その俺の目線に、当然フィオレットも気付く。彼女はすぐさま頭を深々と下げた。
「いえ、この度は当家の者が取り返しのつかない事をいたしました……。詳しく聞いても、深くは答えようとはしませんので、マルドゥークとヨハン様の間にどのようなやり取りがったのかは存じ上げませんが……」
「いえいえいえ、本当に気にしてませんよ俺は」
「お部屋の壁に穴が開いて気にされない方などいらっしゃるものですか」
「……そ、そうですね、気にしてないというのはちょっと言い過ぎかもしれませんが、別にフィオレット様やマルドゥークさんのせいとは思いません。どうせヨハンがいつものように無茶を言ったのでしょう」
どうせと言うか、実際そうだし。
「しかし、本や家具が下敷きになったとも聞きました。替えが利かないものもあったのでは?」
「大したものなんてありませんよ。これが父の部屋だとしたら、事態はもっと深刻だったかもしれませんが、なにせ俺の部屋ですから」
「そんな、ロニーお兄様……」
フィオレットはのんきそうに誤魔化して笑う俺を見ても、終始申し訳なさそうな態度を崩さない。
ちなみに貴族で使用人の不始末にここまで責任を持てる主人と言うのは案外珍しい。
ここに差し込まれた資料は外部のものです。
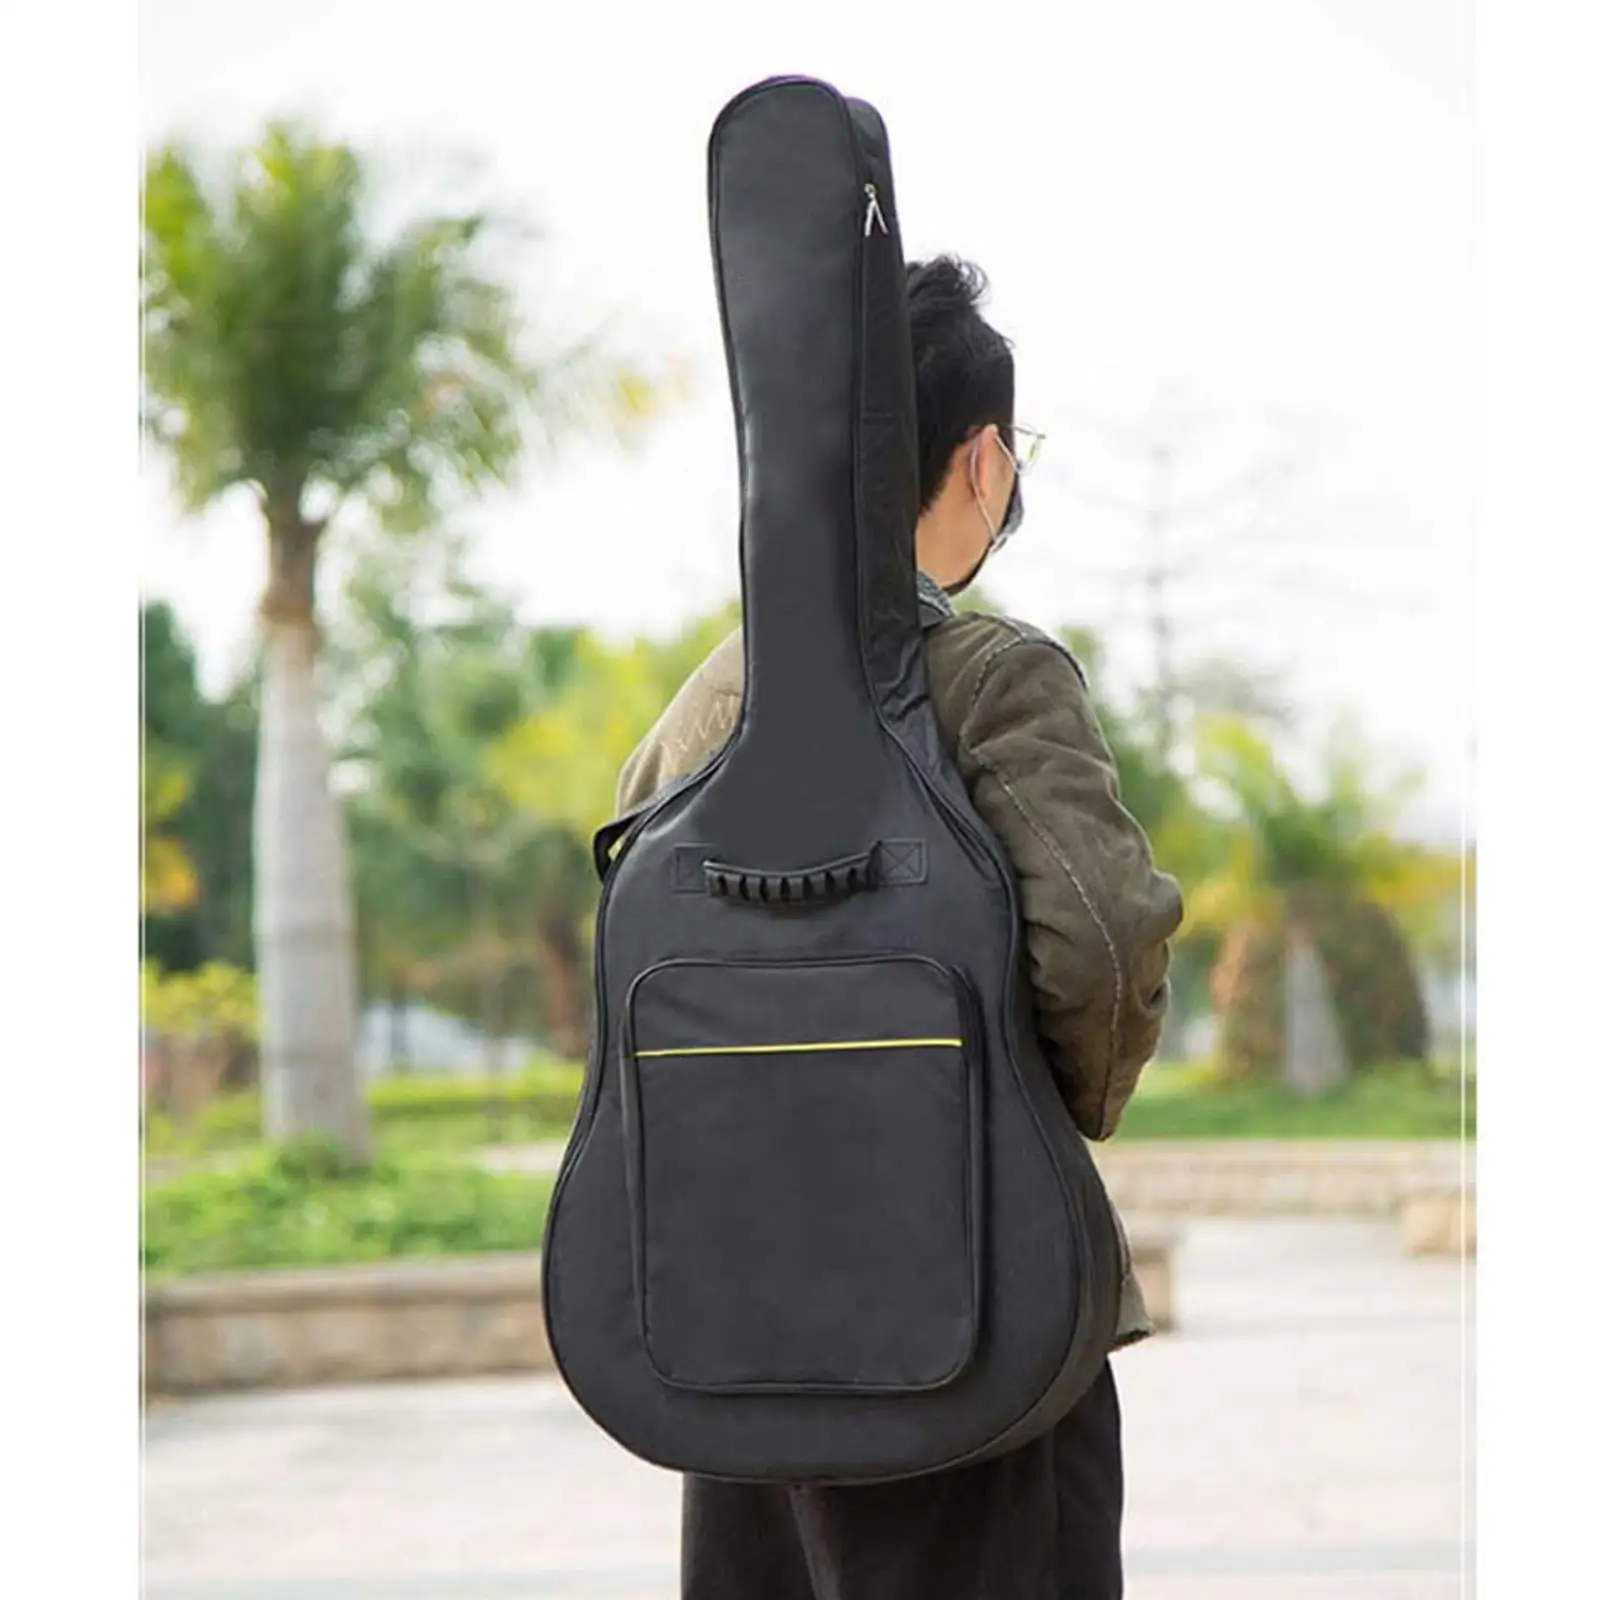 Guitar Bag Full Size Thick 12mm Padding Water-Resistant Oxford Cloth 
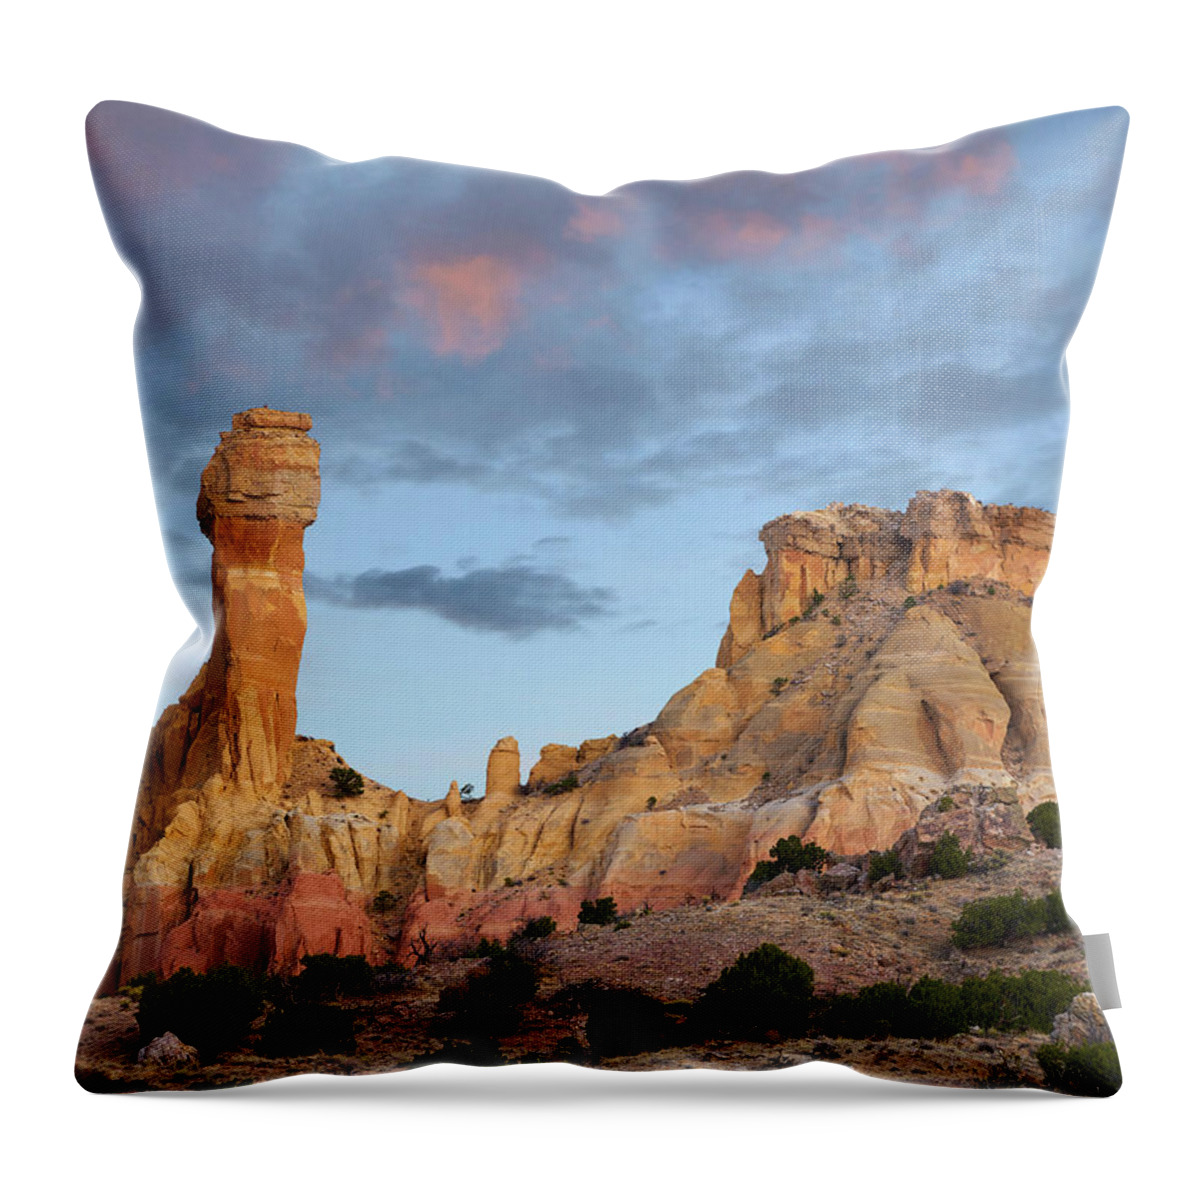 00559643 Throw Pillow featuring the photograph Chimney Rock Dawn, Ghost Ranch, New Mexico by Tim Fitzharris

使用人の不始末は使用人の不始末と、厳しく断罪する場合の方が多い。
その点フィオレットは優秀な主の素質を備えていると言えるだろう。
そこで、後ろのカーラが俺の裾を小さく引いた。
「ロニー様、お時間……」
「――ああ、そうだった! すみません、フィオレット様、ちょっと用事があるので失礼いたします」
俺はカーラに言われて、自分が急いでいたことを思い出す。
カーラが指さした方向には、昨日選別しておいた骨董品たちが大きな台車に載せられ布をかぶせられていた。
町までもそこそこの距離があるし、そこまで台車を引いていくのも大変だ。だからカーラに早起きしてもらったのである。
そんな慌てる俺の背中に、フィオレットが不思議そうに問いかける。
「……用事?」
「ええ、あの、ちょっと町の方まで行く必要がありまして、実は急ぎますので、すみませんが」
俺はそう言いながら台車に手をかけた。
町に辿り着かないといけないのは7時。普通に歩けばここから町まで道を下って30分かかる。台車の事を考慮すると案外余裕はないのだ。
「あ、あの」
俺が台車を引き、カーラが押す体勢になっている所へ、フィオレット嬢が駆け寄ってきた。